▶ AVAILABLE DATA
--------------------------------------------------
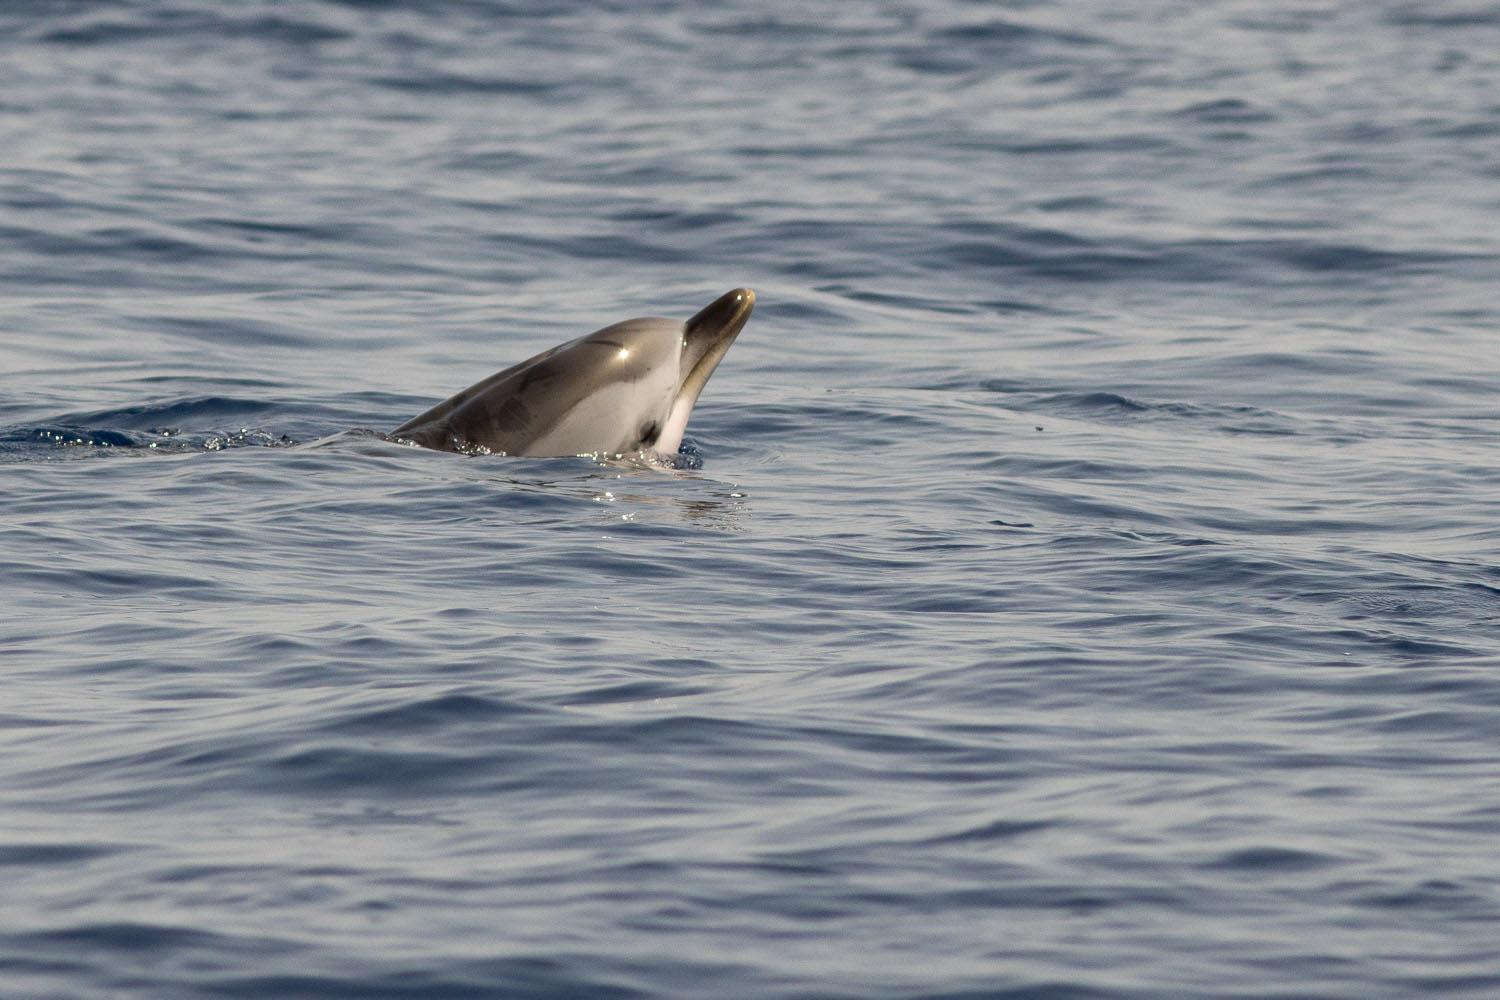 Stenella coeruleoalba (dauphin bleu et blanc) observé et photographié lors d'une croisière d'observation et d'étude des cétacés à la voile - du Var à la Corse
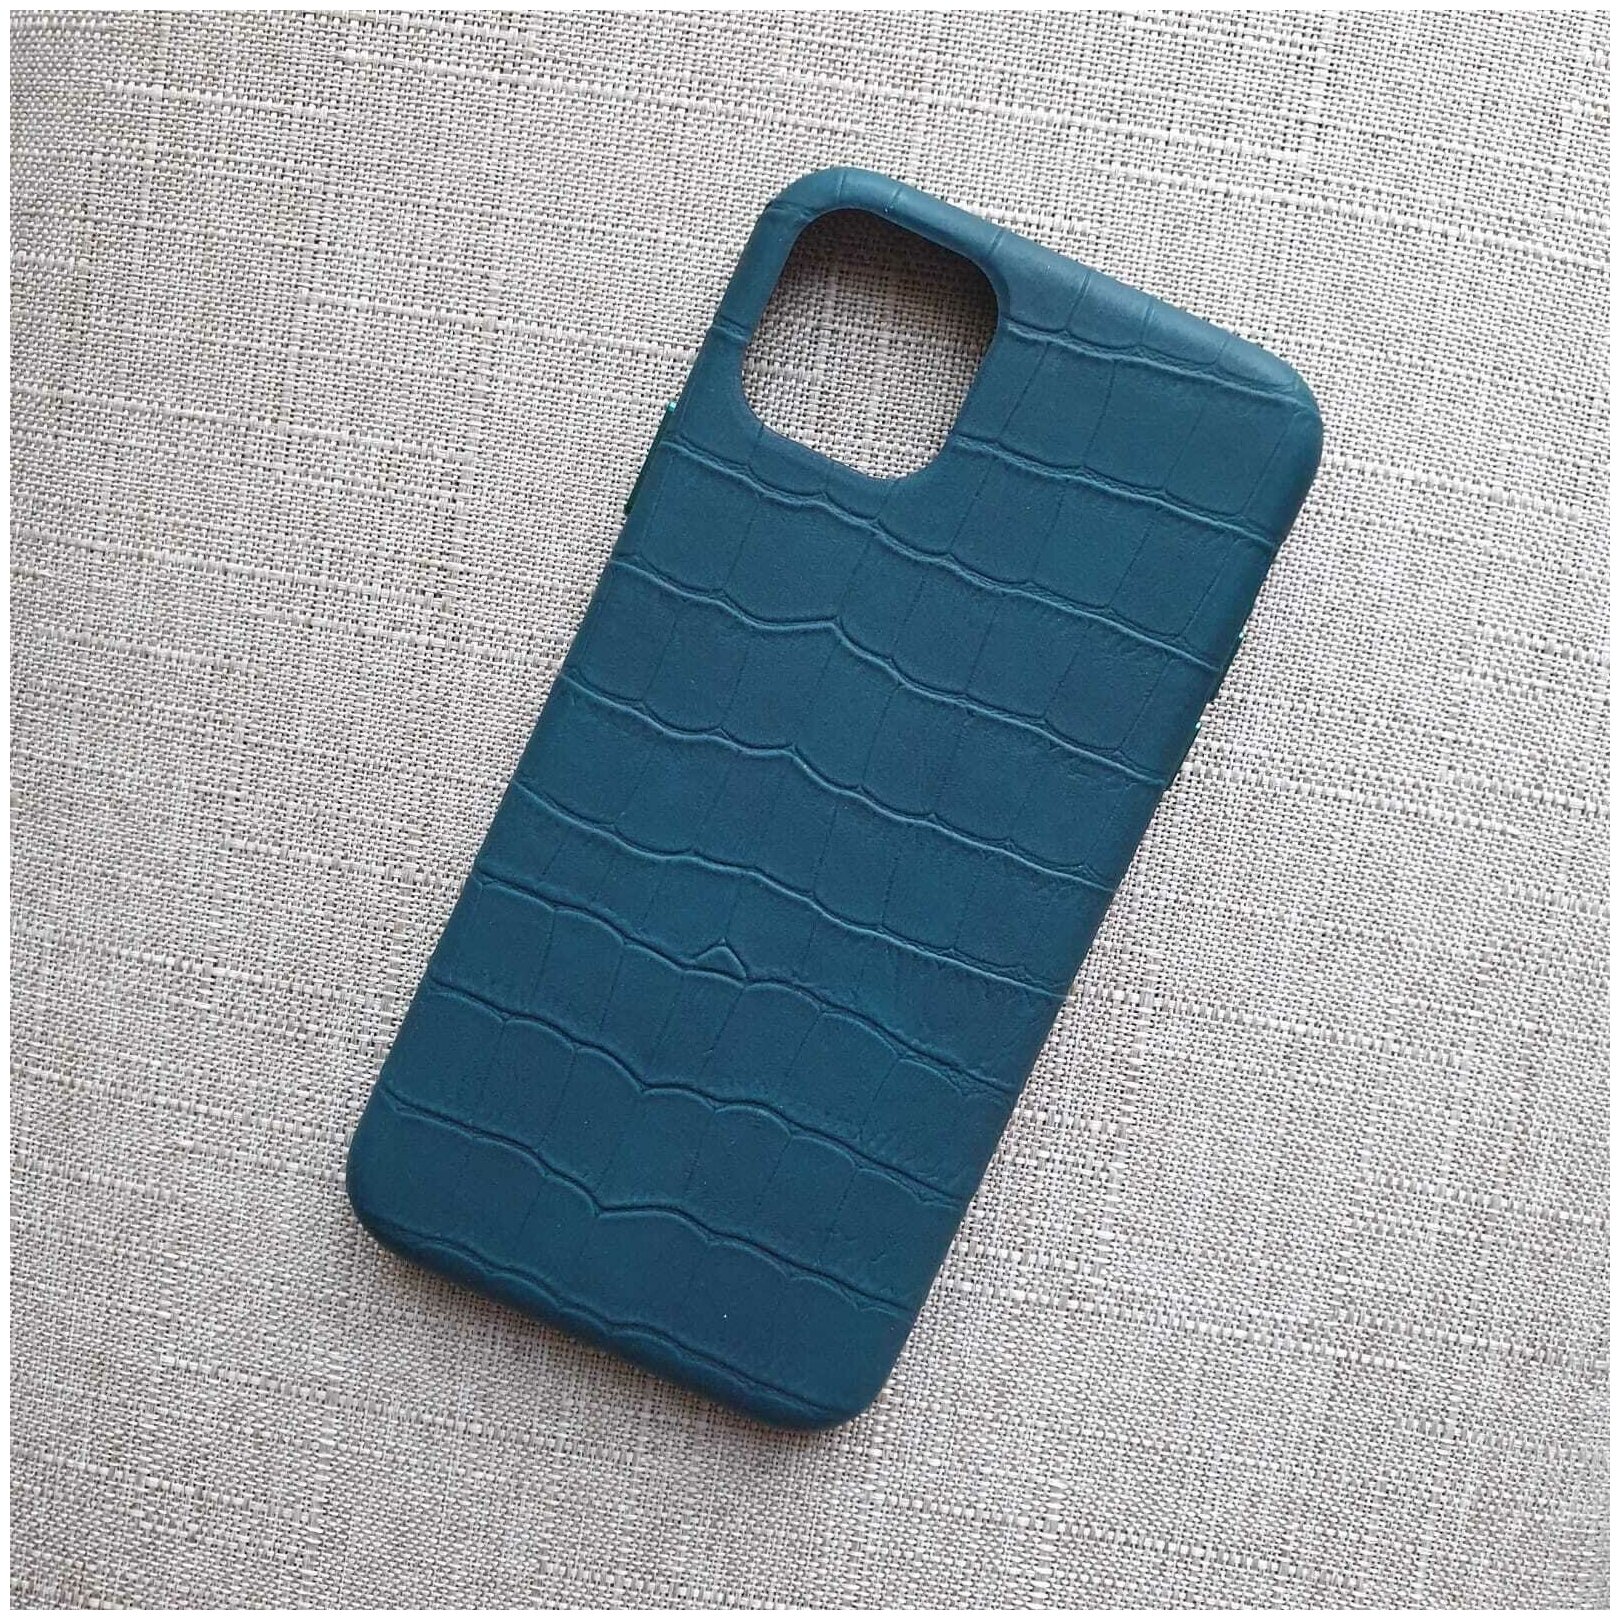 Кожаный чехол для iPhone 11 Pro Max синий под кожу крокодила. Бренд Vogok
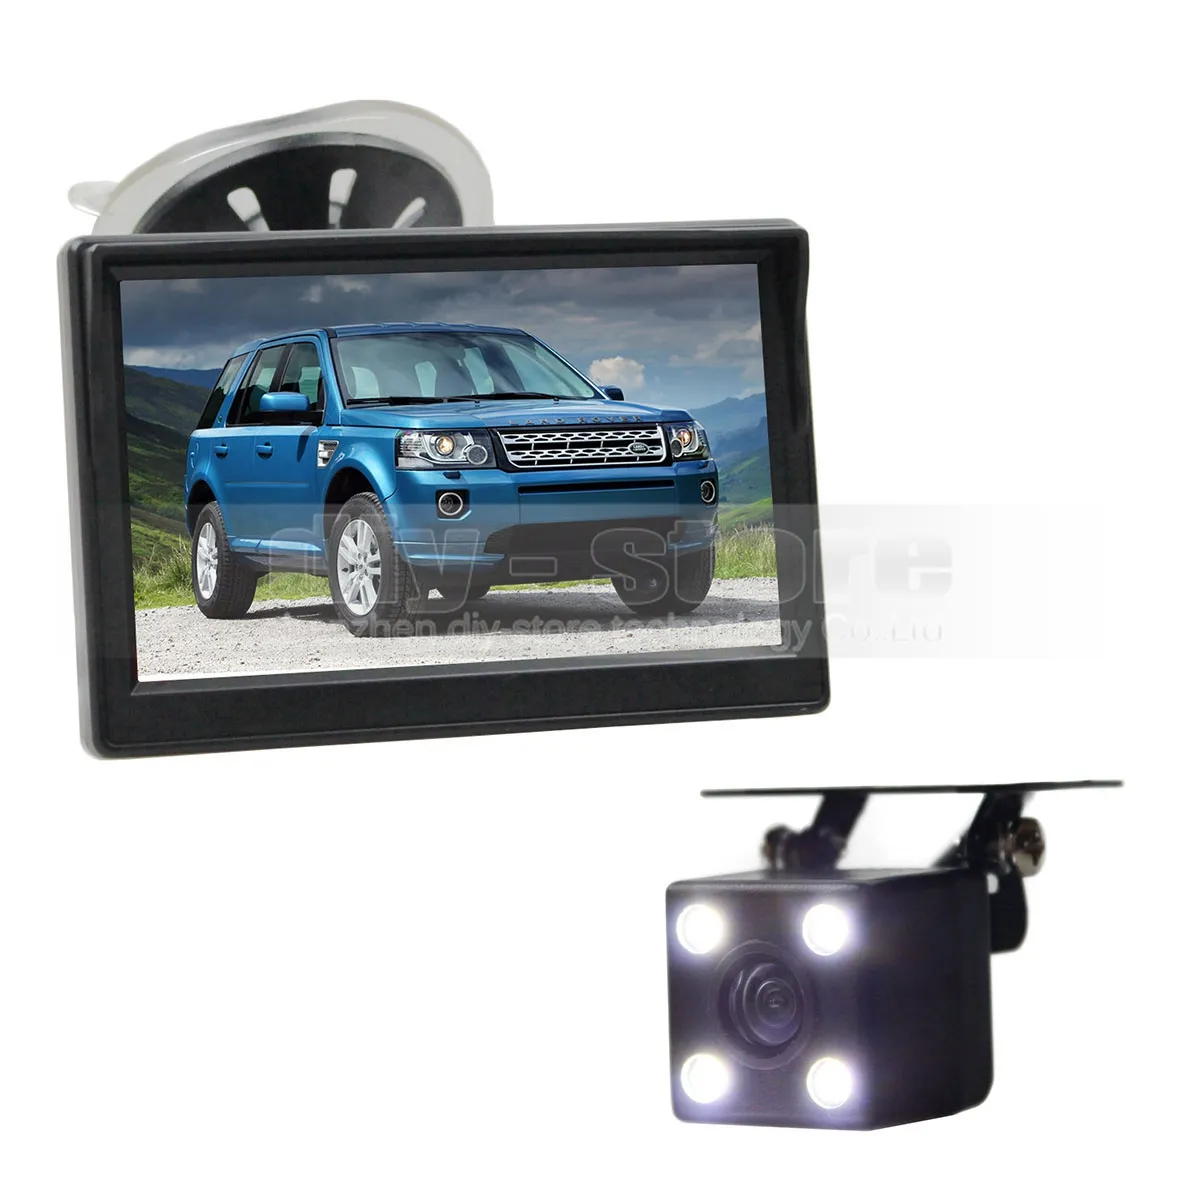 Monitor per auto retrovisore da 5 pollici + filo impermeabile per retromarcia telecamera per auto LED sistema di parcheggio per visione notturna
--------------------------------------------------
▶ EXERCISE INSTRUCTIONS
Any picture in the material is to be left out, and everything else is to be retyped as is.

▶ RESULT
 Stenella coeruleoalba (dauphin bleu et blanc) observé et photographié lors d'une croisière d'observation et d'étude des cétacés à la voile - du Var à la Corse
 Кожаный чехол для iPhone 11 Pro Max синий под кожу крокодила. Бренд Vogok
 Monitor per auto retrovisore da 5 pollici + filo impermeabile per retromarcia telecamera per auto LED sistema di parcheggio per visione notturna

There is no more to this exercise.